Они вышли на крыльцо. Волглая прохлада приятно освежала после застольного угара. Ночь вспрыснула землю росой, будто собираясь прогладить ее сухие морщины. Городские окошки перемигивались со звездами. Было тихо, лишь кузнечики неутомимо чесались, забираясь, казалось, в самое ухо.
Художники уселись на отсыревшую ступеньку. Уткину хотелось поговорить о своем творчестве, но Подметкин только курил и глядел в темноту. Разговор не завязывался, и Уткин решил зайти с другой стороны.
— Ну, а как у тебя? — спросил он.
— Что? — Подметкин вздрогнул. — А... Да все «матрики» крашу.
— Матрешки?
— Их самых.
Уткин хмыкнул:
— Ну и как?
— Нормально. Идут «матрики» — иностранцы берут. Вот Муху на «десятку» перепер.
Уткин не понял:
— Какую Муху? Цокотуху, что ли?
— Не какую, а какого... Художник такой австрийский. Известный, между прочим, стыдно не знать. Альфред или Альфонс... сейчас не помню.
— Ну и что он, этот Муха?
— Модерн. Сегодня в почете.
— Модерн...
— Что, и модерн не знаешь?
— Модерн я знаю.
— Темный ты, Уткин, — Подметкин вздохнул.
Уткин не обиделся:
— Ну и что?
— А то... Темный, потому и смелый. Выставки устраиваешь... Что ты можешь нового сказать?
Он замолчал, и повисла пауза. Уткин думал. Наконец он нарушил молчание:
— Выходит, если бы я не был темным, то не устраивал бы выставки?
— Ты меня понял, — усмехнулся Подметкин.
— А может, и вообще рисовать бы расхотел?
— Скорее всего.
— Но тогда скажи, зачем оно нужно, твое просвещение?
— А кому нужно твое рисованье? — желчно возразил Подметкин. — Просвещение нужно хотя бы, чтобы не выглядеть дураком.
Неожиданно тьма перед ними еще сгустилась, и посреди черного пятка блеснуло серебро. То был наперсный крест отца Михаила.
— Здорово, дети мои! — весело приветствовал их священник.
— Здорово, батюшка, — хмуро ответил Уткин. — А еще позже ты не мог припереться?
— Ты уж прости, — Михаил поздоровался с ними за руки. — Служба, знаешь... Видишь, я в облачении.
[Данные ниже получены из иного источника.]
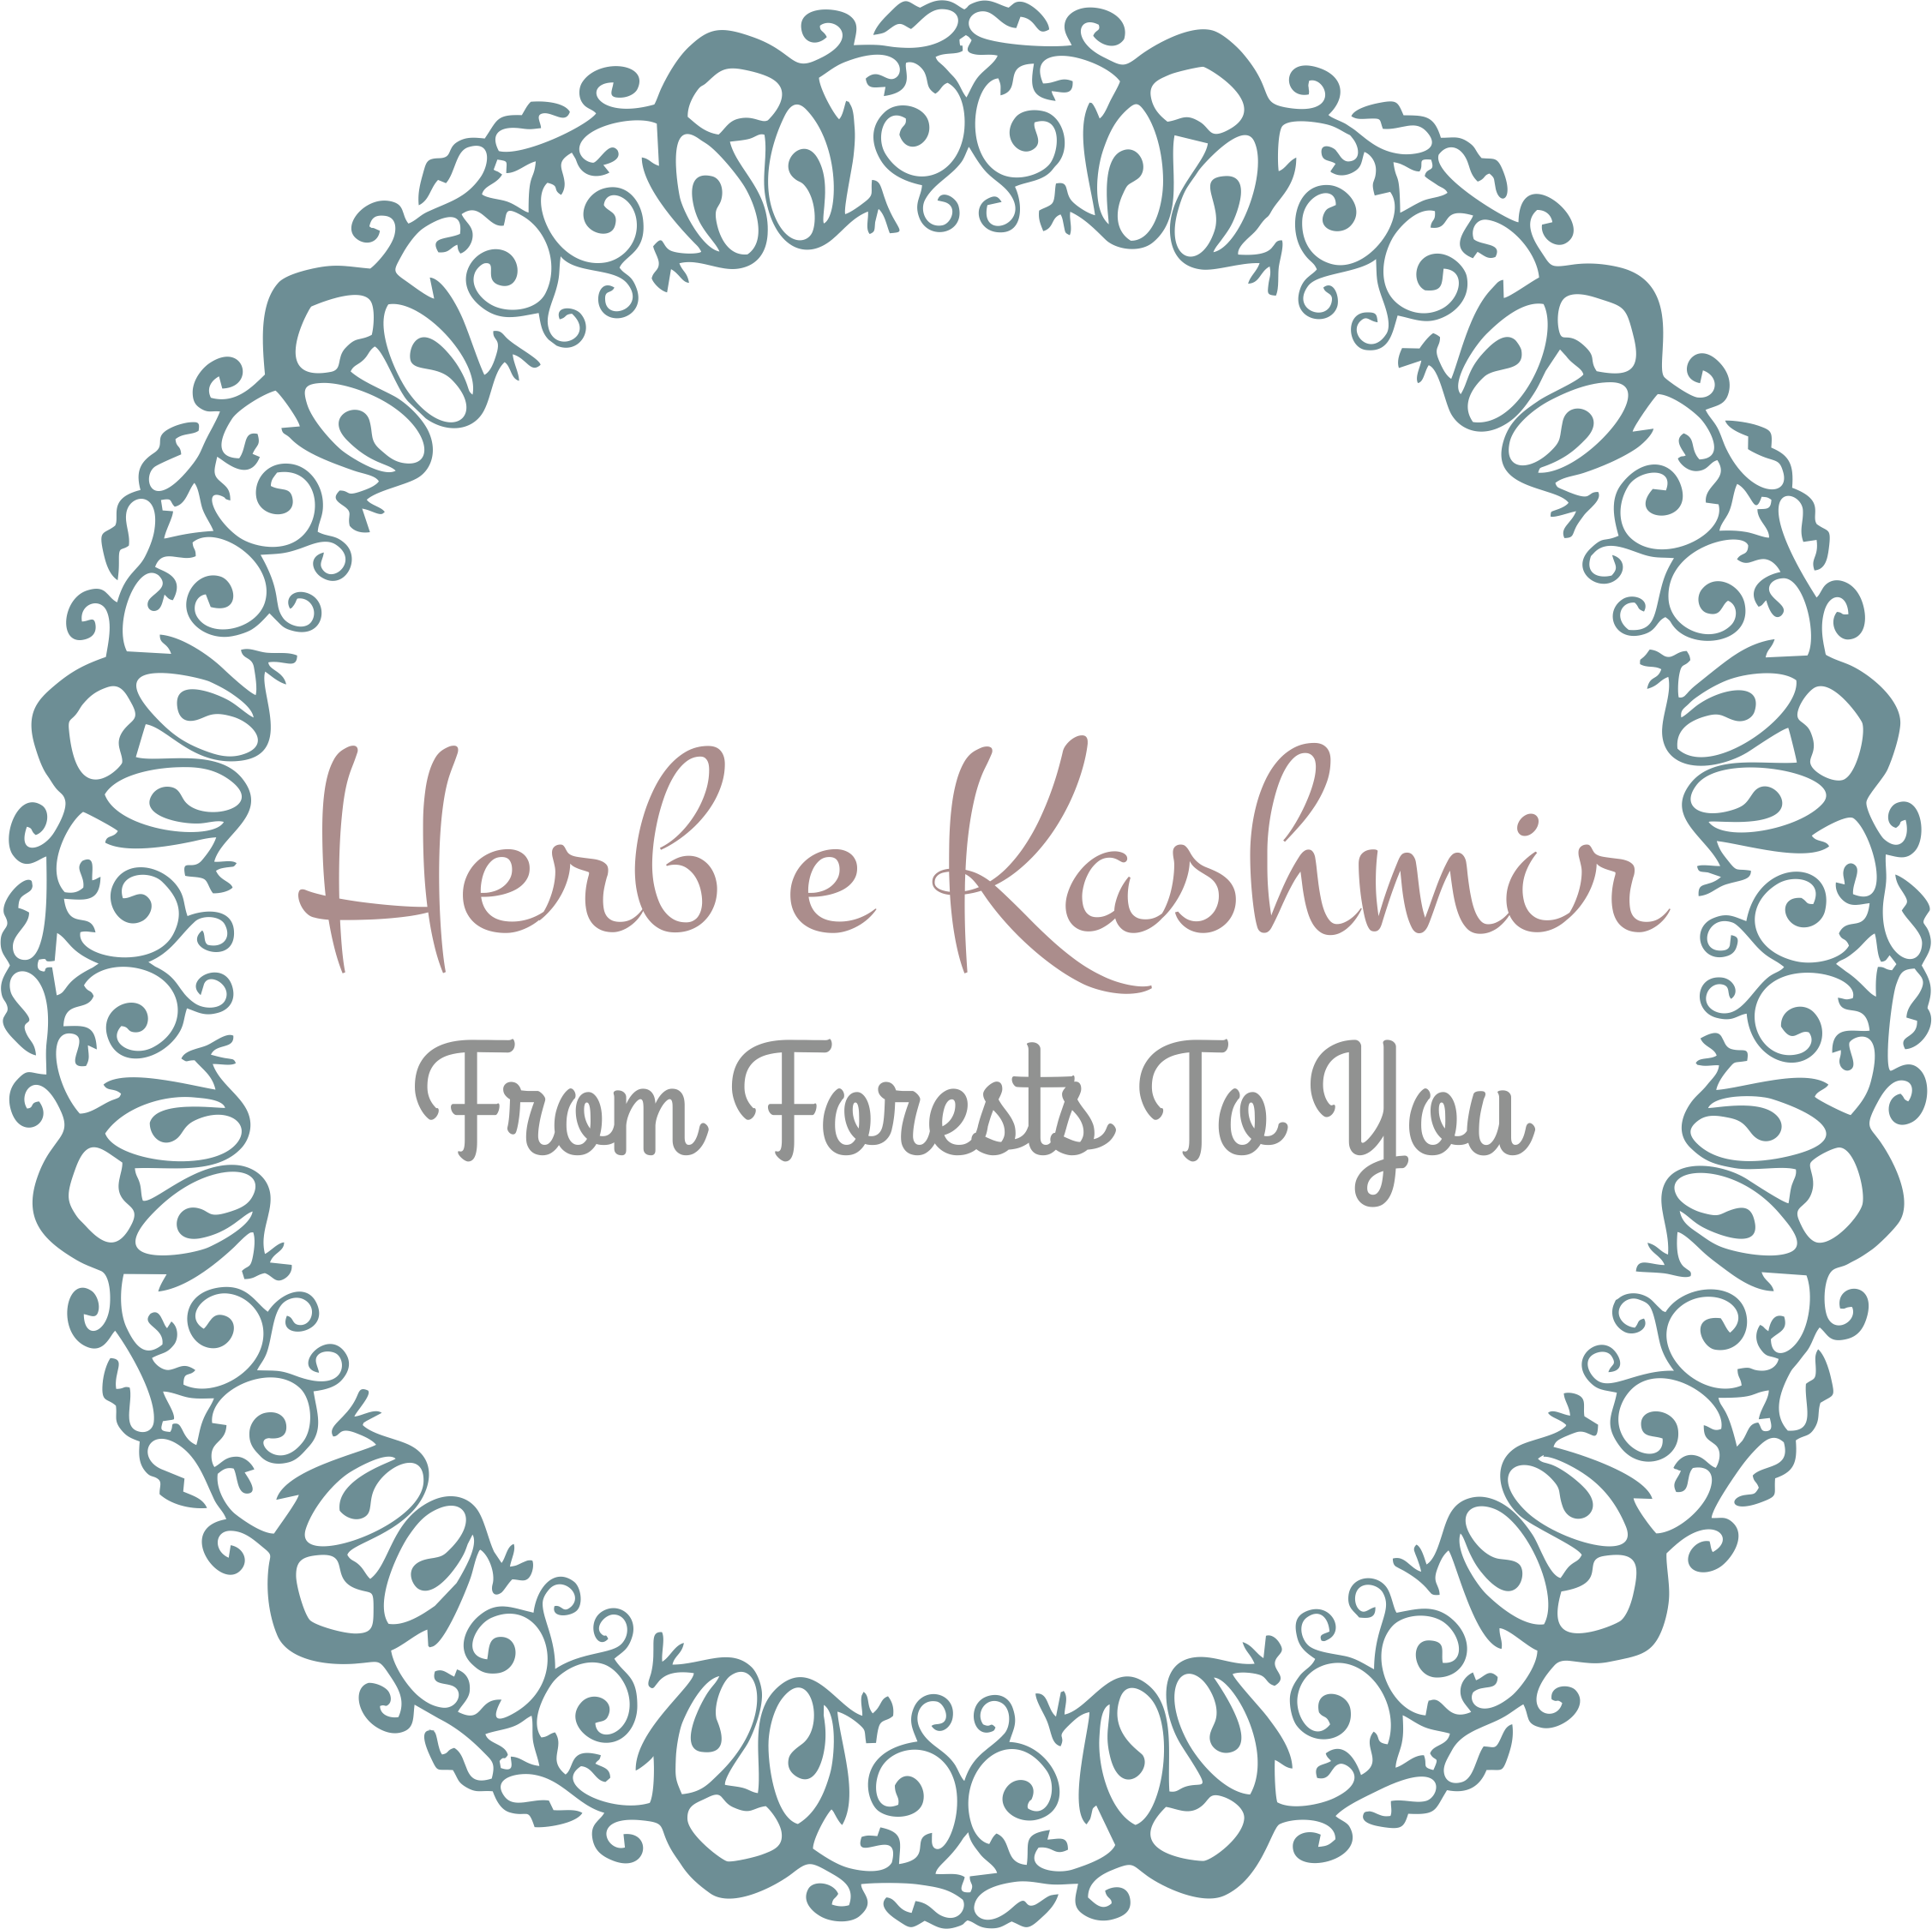 Herb-e-Kashmir

Появление отца Михаила вызвало в доме оживление и новое налитие рюмок Он, не садясь, перекрестил свою "штрафную" и хотел было сразу направить ее по назначению. Но хмельной Суслов остановил его довольно развязно:
— Э, нет, батюшка, ты не в пивную пришел! Ты сначала скажи по поводу: что ты думаешь про нашего Уткина и так далее.
— Да, пожалуй... — отец Михаил посмотрел на Уткина, подвигал бородой и задумался.
— Давай, Миша, не тяни, — торопили его.
— Что же сказать?.. — он еще думал. — Вот что я скажу: всяк по-своему Господа славит.
Он лихо выпил и, не закусывая, повернулся к Уткину:
— Дай-ка я тебя просто обниму.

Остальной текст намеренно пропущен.